O valor citado corresponde a 0,06% do PIB mundial, calculado em cerca de US$ 60 trilhões. Apesar da ressalva, Guerino Filho concorda que o aumento do consumo de orgânicos pode ser um fator importante de desenvolvimento, particularmente em regiões pobres como o Nordeste brasileiro. "É preciso um incentivo institucional mais forte, de governos e entidades ligadas à agricultura, para organizar os pequenos produtores".

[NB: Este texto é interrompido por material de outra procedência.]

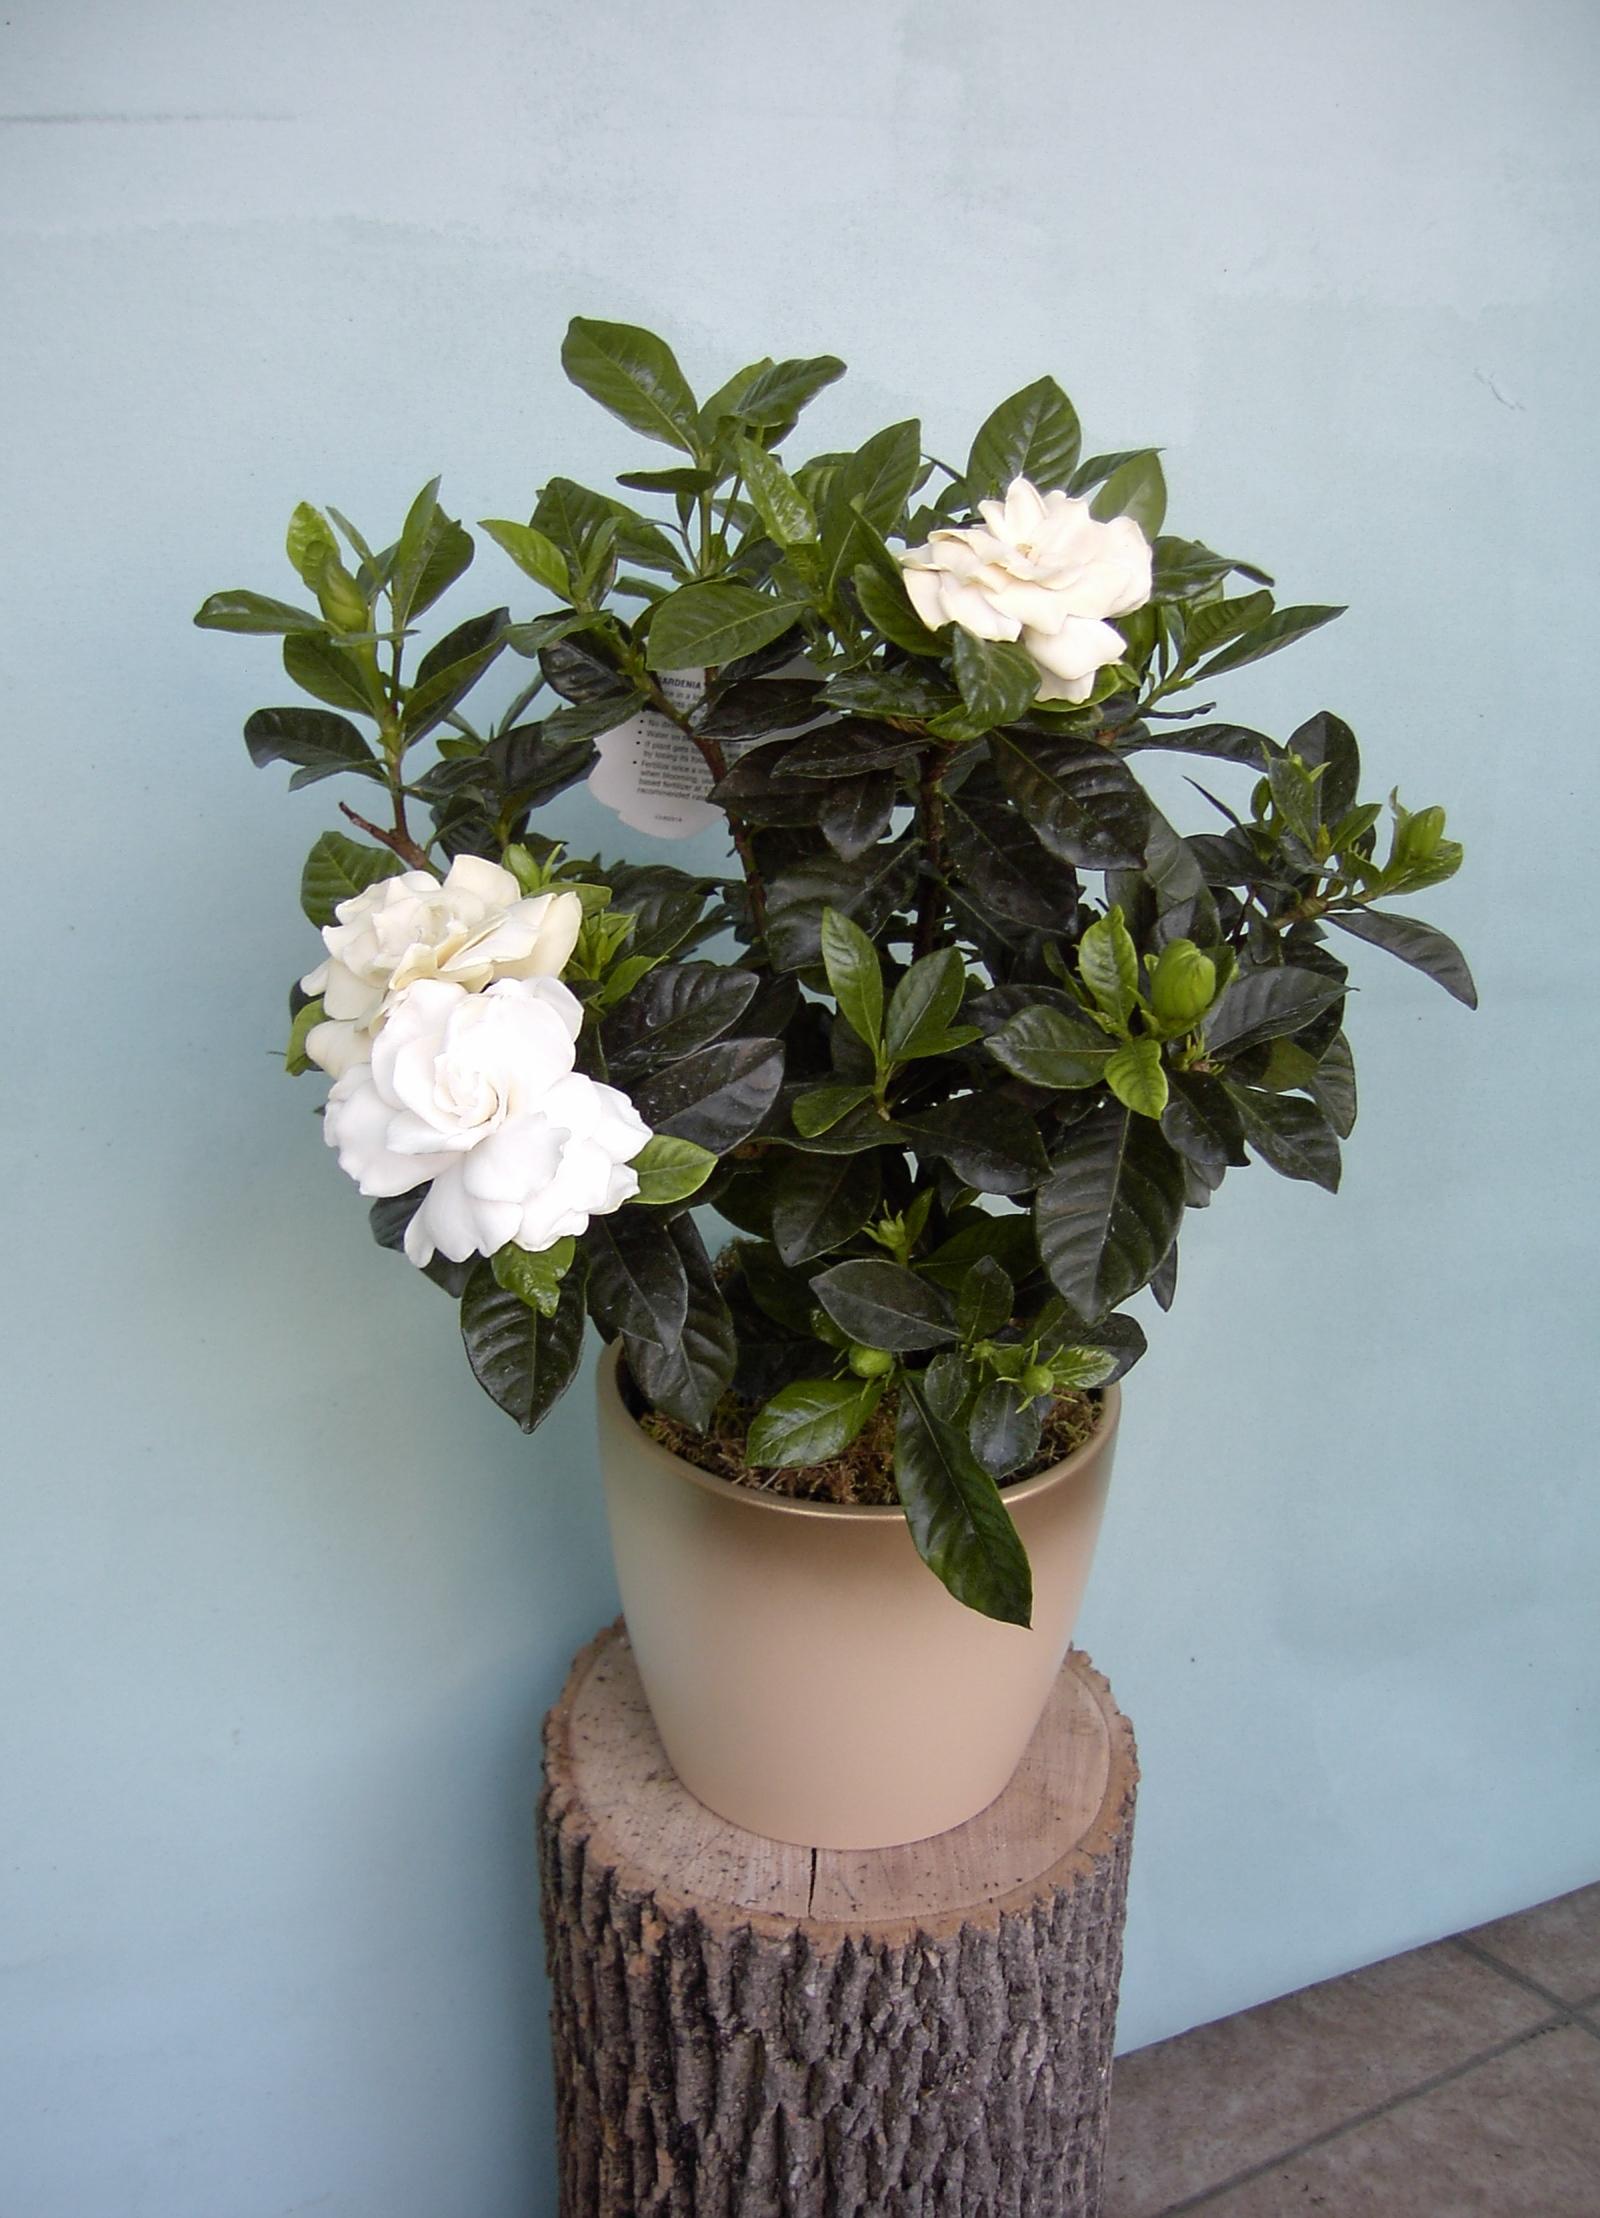 helleborus and gardenia plants

O crescimento depende de superar a barreira do preço final, já que, pelo próprio custo, os orgânicos são mais caros que os produtos convencionais, o que acaba afugentando alguns consumidores. Mas isso pode ser uma questão de mudança de cultura. "Ainda existe o tabu de que o produto orgânico é caro, porque realmente há uma diferença de 15% a 20% em relação ao produto comercial, mas os consumidores estão dispostos a pagar um pouco mais por qualidade e pela ajuda a preservar o meio ambiente", aposta Cristina Lemos, pesquisadora do Instituto de Pesquisas Agropecuárias (IPA) e especialista em orgânicos.


Opção de fonte de renda


Em uma pesquisa do Centro Sabiá de Agricultura Ecológica, realizada com 39 famílias que trabalham com a produção de orgânicos, a renda anual de cada uma delas correspondia a aproximadamente 13,5 salários mínimos. Ou seja, a agricultura familiar baseada na produção orgânica é uma opção relevante como fonte de renda, mas ainda é preciso torná-la mais lucrativa. Apesar disso, os produtores não reclamam.

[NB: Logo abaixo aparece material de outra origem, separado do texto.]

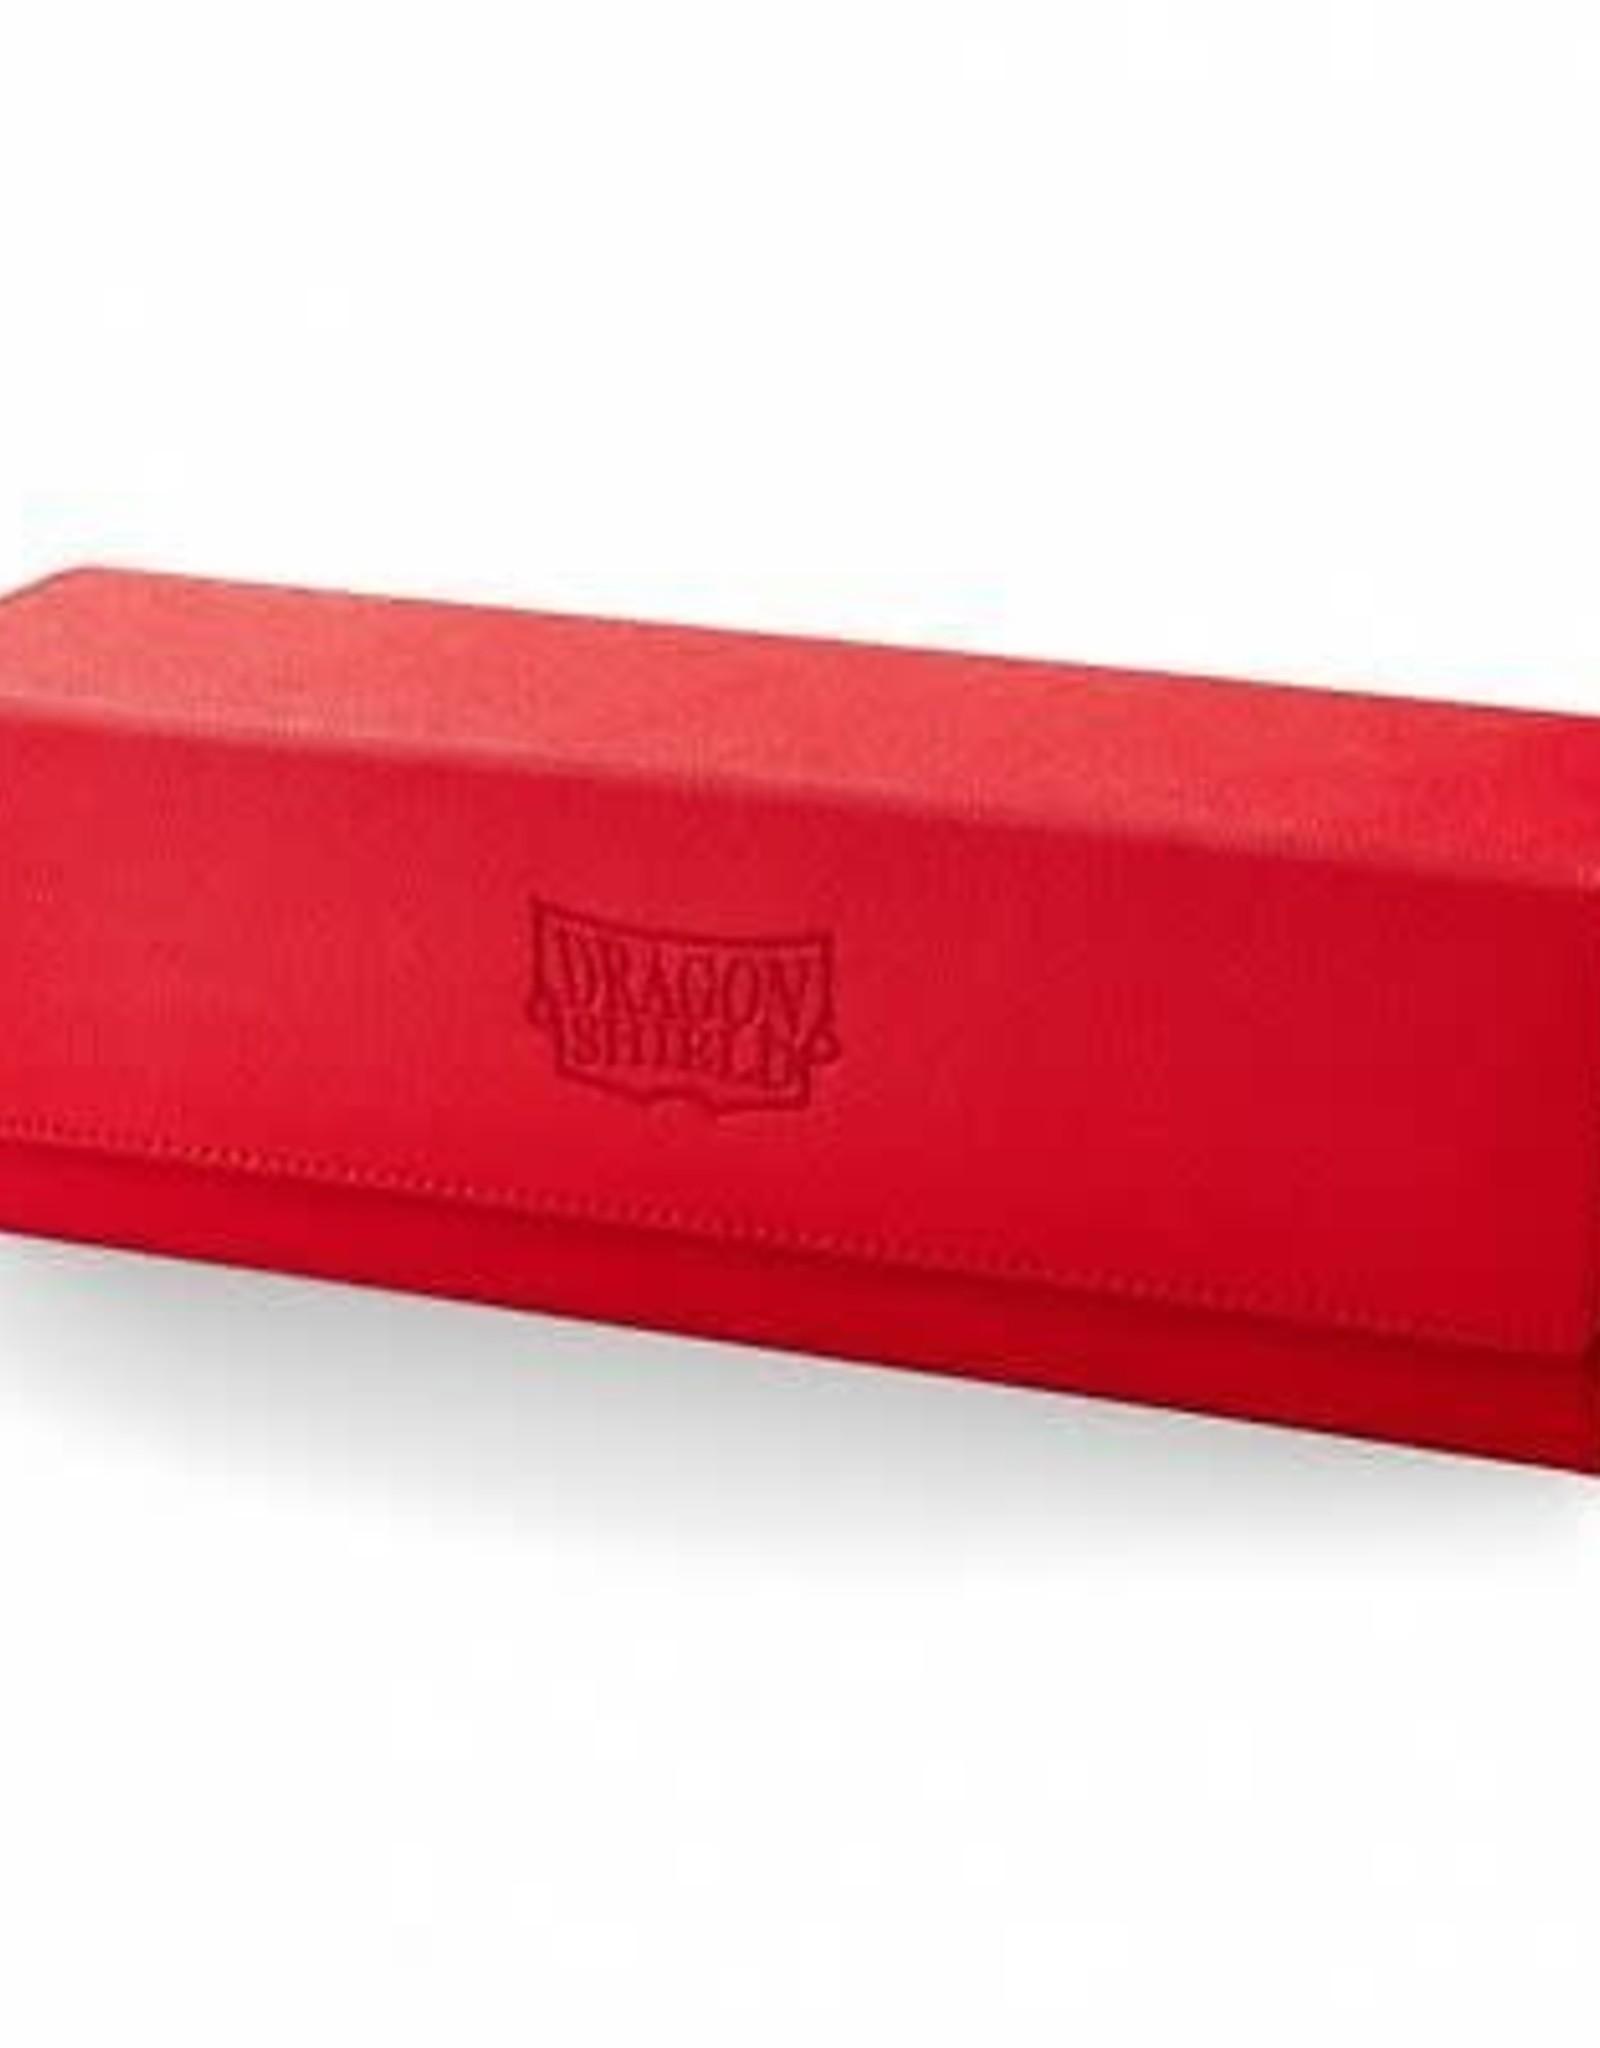 Arcane Tinmen Dragon Shield Deck Box: Magic Carpet 500 Red w/ Black

"A agricultura orgânica é mais lenta, mais trabalhosa. Mas enriquece muito o solo. A convencional é rápida, mas você planta e no outro ano já não dá mais", resume o agricultor José Augusto Vieira, de Glória do Goitá. Há oito anos, ele baniu as plantações convencionais do sítio de 20 hectares do qual tira seu sustento, atividade que herdou do pai, depois de passar por uma capacitação realizada pelo Serviço de Tecnologias Alternativas (Serta).

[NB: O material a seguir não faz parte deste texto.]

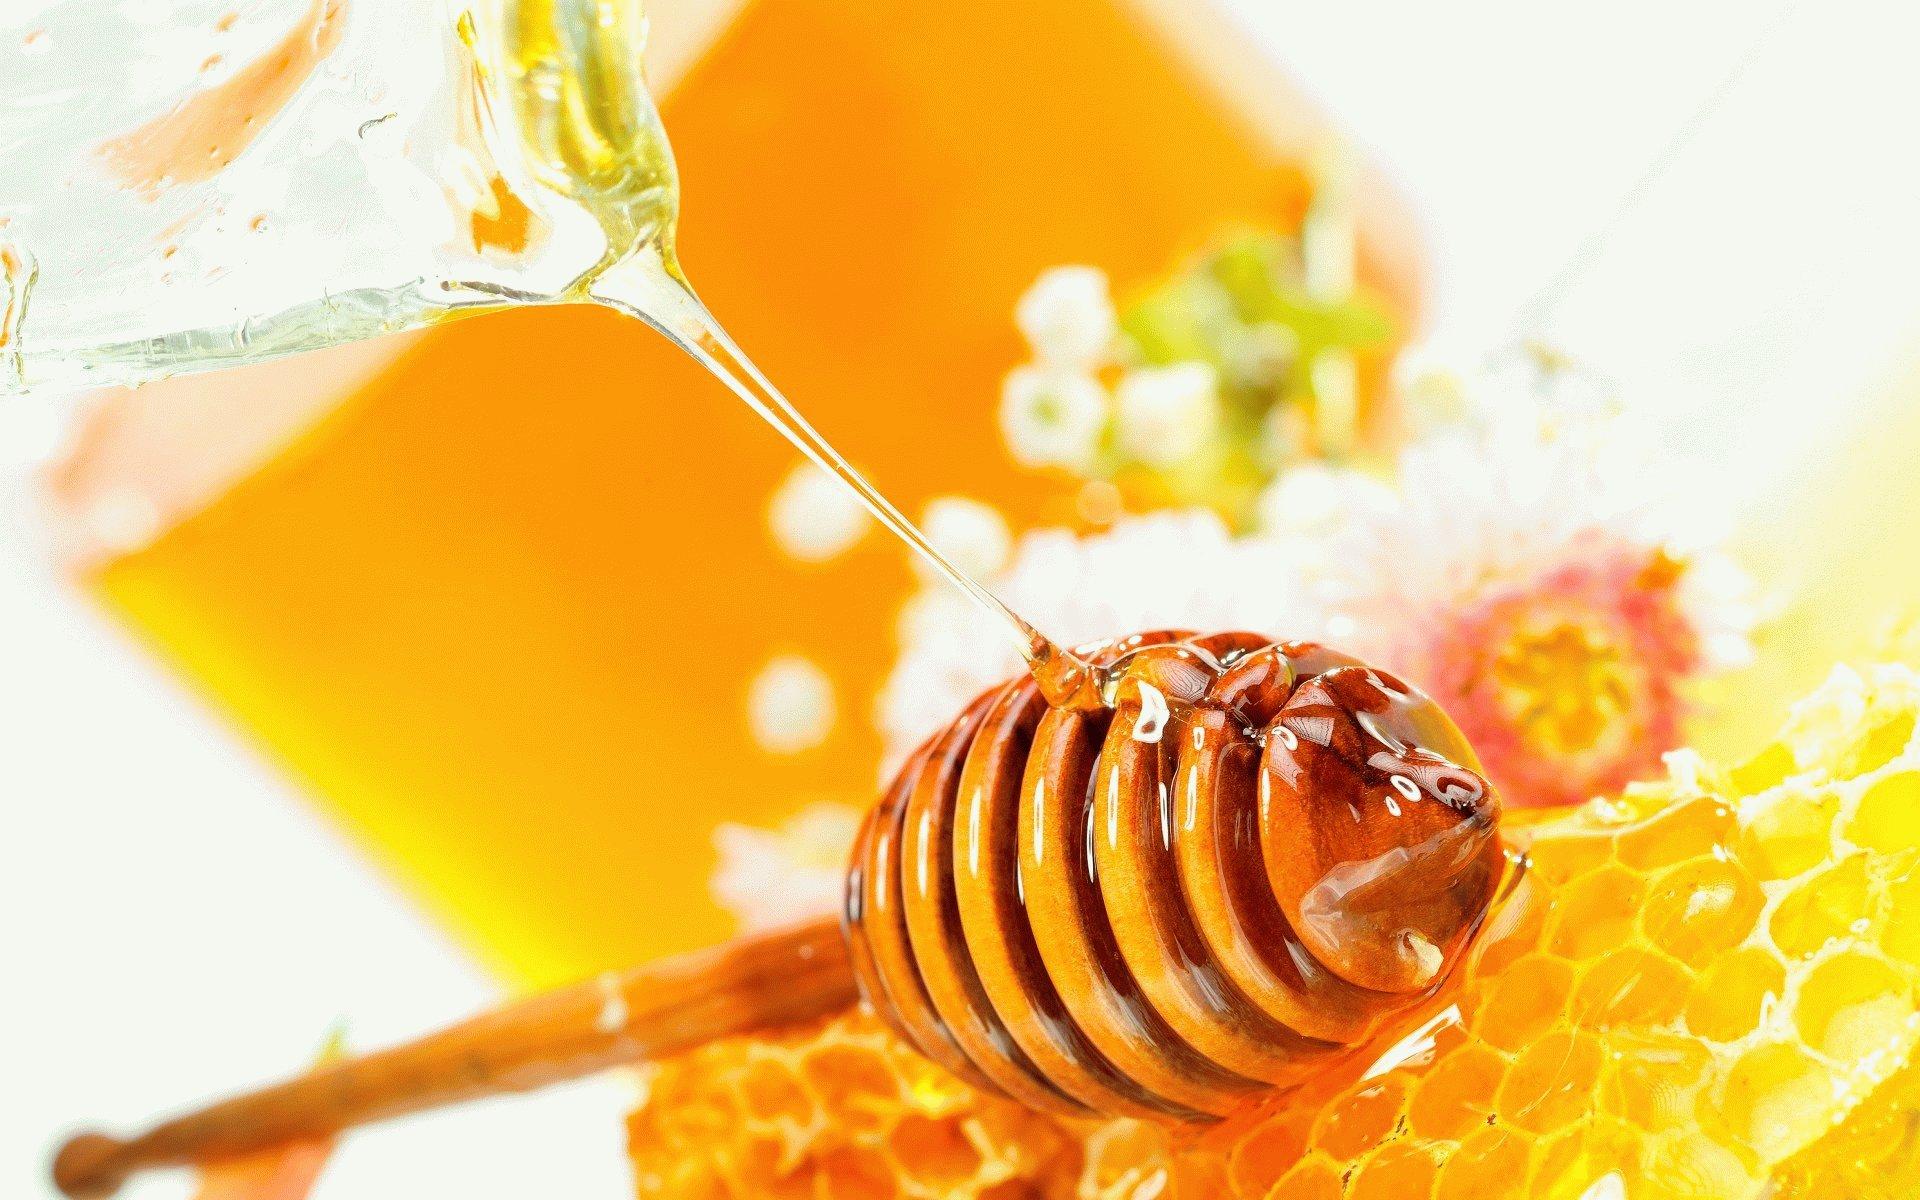 Мед при гастрите: можно или нет

Hoje, ele reconhece que valeu a pena mudar para a agricultura orgânica, já que participa de quatro feiras semanais no Recife, nas quais apura, juntas, cerca de R$ 1.100 com os produtos que tira de sua própria horta e da de um produtor associado. Suas bancas vendem todo tipo de verdura e fruta, de tomate a carambola.

Já o casal Eliane Lima e Hélio Groschke decidiu começar a plantar orgânicos no sítio em que mora em Moreno, município da região metropolitana do Recife, em 1993. Hoje, depois da aposentadoria, os produtos que vendem em três feiras no Recife garantem um complemento para a renda familiar.

"Fomos para Moreno porque queríamos uma vida mais saudável, próxima da natureza. Começamos a vender os produtos na feira organizada pelo IPA e fomos convidados para a da Ceasa, e em seguida para a de Casa Forte. Nosso faturamento diário em cada feira é de cerca de R$ 100. Não dá para sobreviver só da agricultura, mas é um complemento para nossa renda", diz Eliane.